И получилось это так, будто она оправдывается.
– Сам он – отрывок, – ворчал Антон. – Кешка Город. Прозвище тут ему прилепили. Слыхала?
– Пускай прилепили! А вы его – не трогайте! – вспылила тогда Бронислава, рассердившись окончательно. – За меня бояться вам нечего! Ест он много… Ну и что? Пускай ест. Хоть в три горла! Я не парализованная какая. Не хромая, не горбатая. Зарабатываю ещё! На двух работах. И не трогайте мне его!.. Поглядите на них, забоялись они за меня. Моё дело! Не ваше.
– Ну, Еппония, – выругался Антон. – Пошли, Нин.
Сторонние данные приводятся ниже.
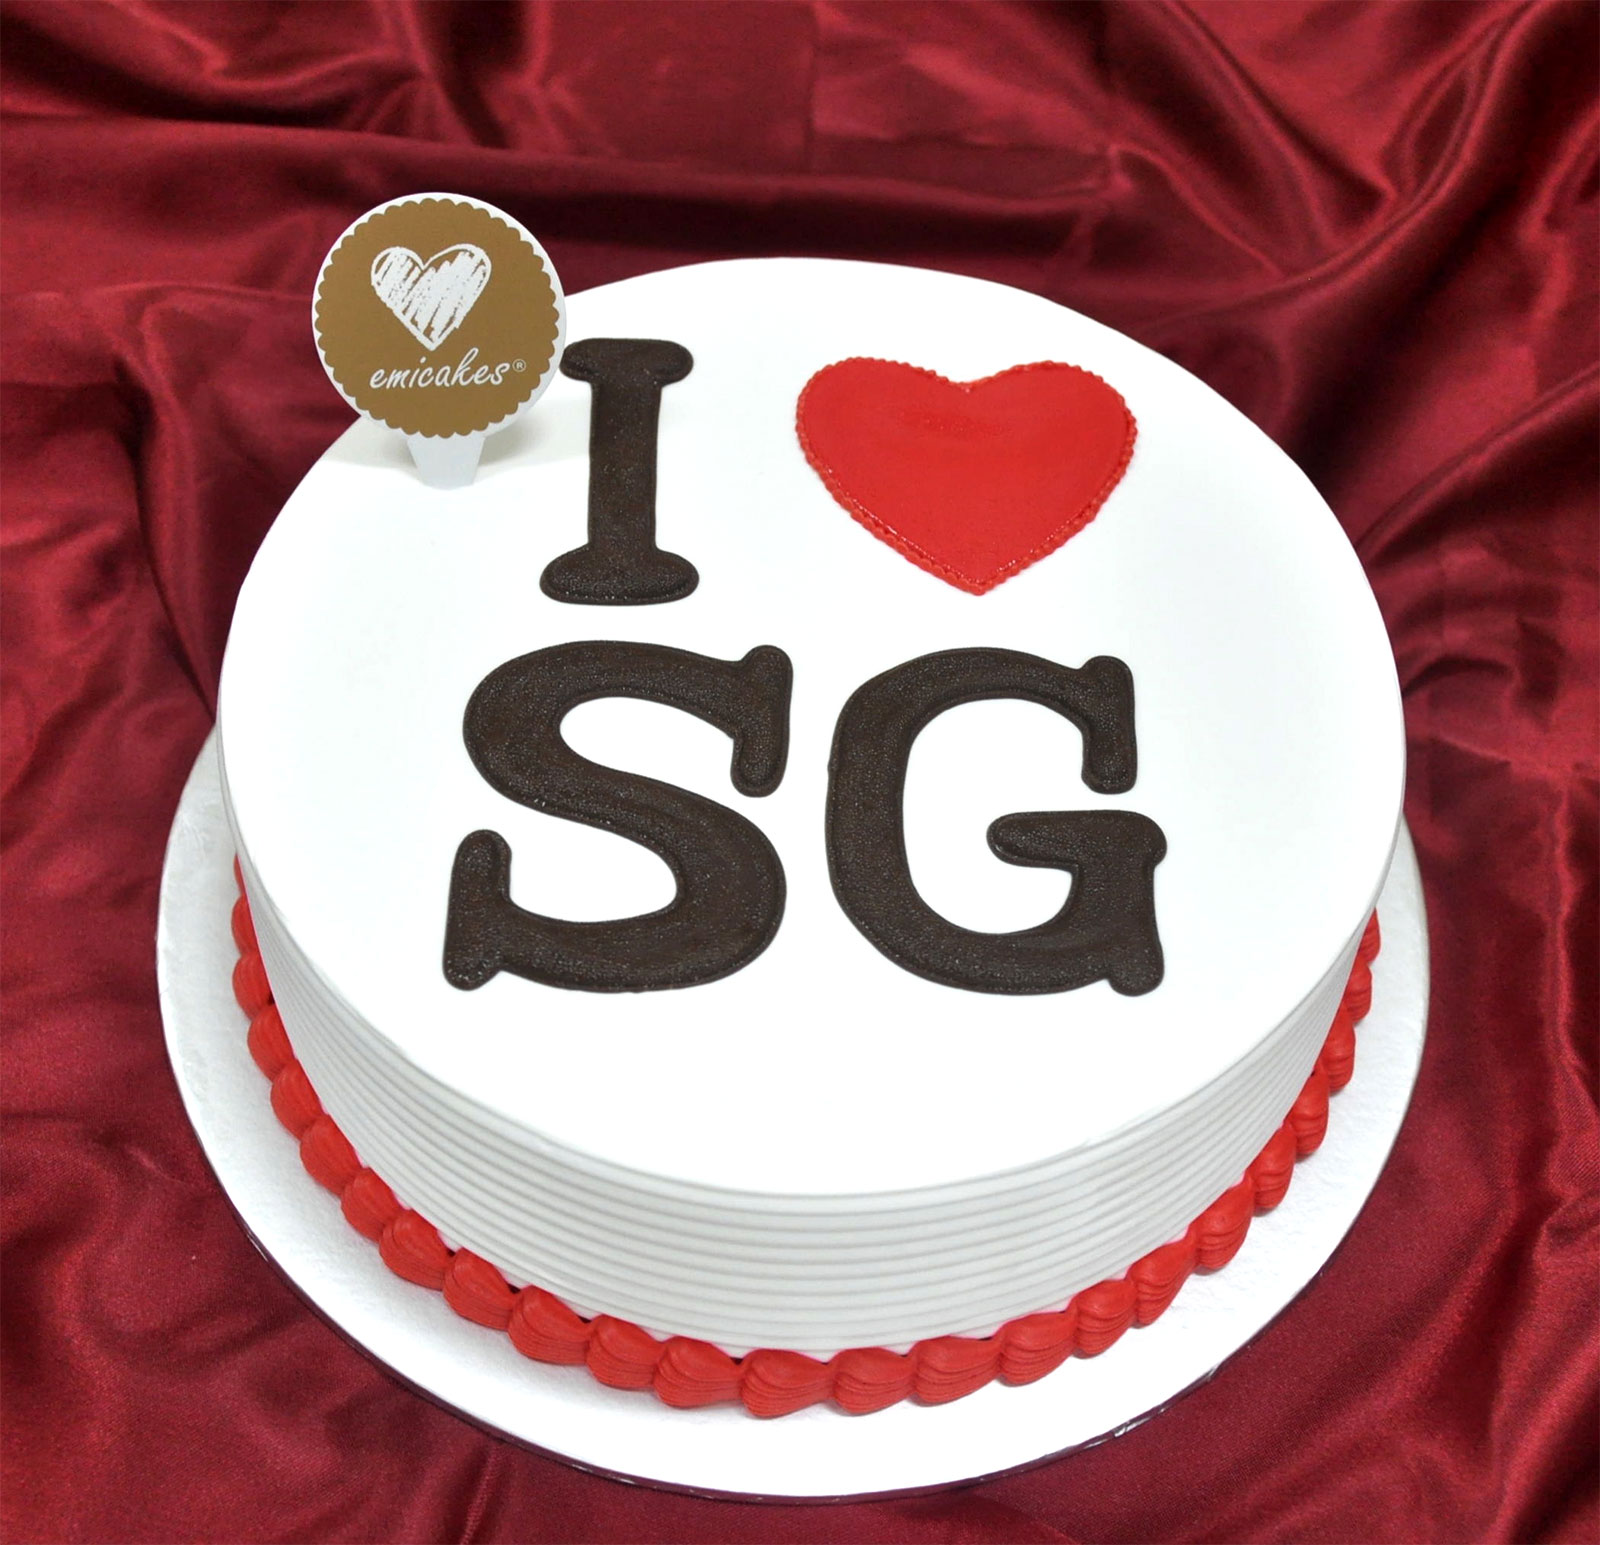 I Love SG cake from Emicakes

Нечего без толку воду в ступе толочь.
– Со стола-то приберёшь? – спросила Нина.
Она медлила уходить в свою комнату и всё смотрела на неприбранную кухню, на мать, на вывернутый отцовский полушубок, широко раскинутый крестом по полу – рыжим мехом вверх.
Бронислава ей покивала:
– Иди. Отдыхай. Я сама… Ты только не бойся, Нин! И не осуждай, сразу – никогда никого не осуждай!.. Что ж теперь. Живому – живое.
[[[* * *]]]
Бронислава снова опустилась на колени перед полушубком, выворачивая его, разглядывая свои метки по вороту, по рукавам.
– И когда от них чего было хорошее? От пришлых? – всё не уходила к себе Нина. – Ты про это – думала?.
И вздыхала, стоя над Брониславой:
– Вон, дяденька у Мишани Нечаева – из-за приезжего ведь в тюрьму-то сел. На ровном месте.
– Ну, этому случаю – сто лет в обед. Вспомнила! Тебя тогда и рождённой не было… А зачем же он, Нечай, ему графином по голове стал стучать? Что, раз председатель чужой, приезжий, так и стучи по нему полным графином всяк, кому не лень? – стоя на коленях, всплеснула руками Бронислава. – Сам – сопляк был, десятый класс толком не закончил, а уже – по председателям по партийным графинами колотить наладился… Ладно, пришёл ты в контору – за тёткину золовку заступаться. А графин-то зачем в руки хватать? Что, кулаков у него не было?! У Нечая?.. Ученик, называется. Вот, до сих пор из тюрьмы и не вылазит. То на химии порядок наведёт, то в зоне. Нечай этот. Куролесит по всей стране… Его уж тут и не помнит никто.
– А дядя Стёпа Кормачов? – подсказала Нина. – Он чего доказал? Этому, который приезжал? Который голосовать-то всем велел, чтоб мы по-иностранному жили? "Тут народ, сам веками править не способный", и "о вечно бабьем в русской душе" нам внушал. Со сцены.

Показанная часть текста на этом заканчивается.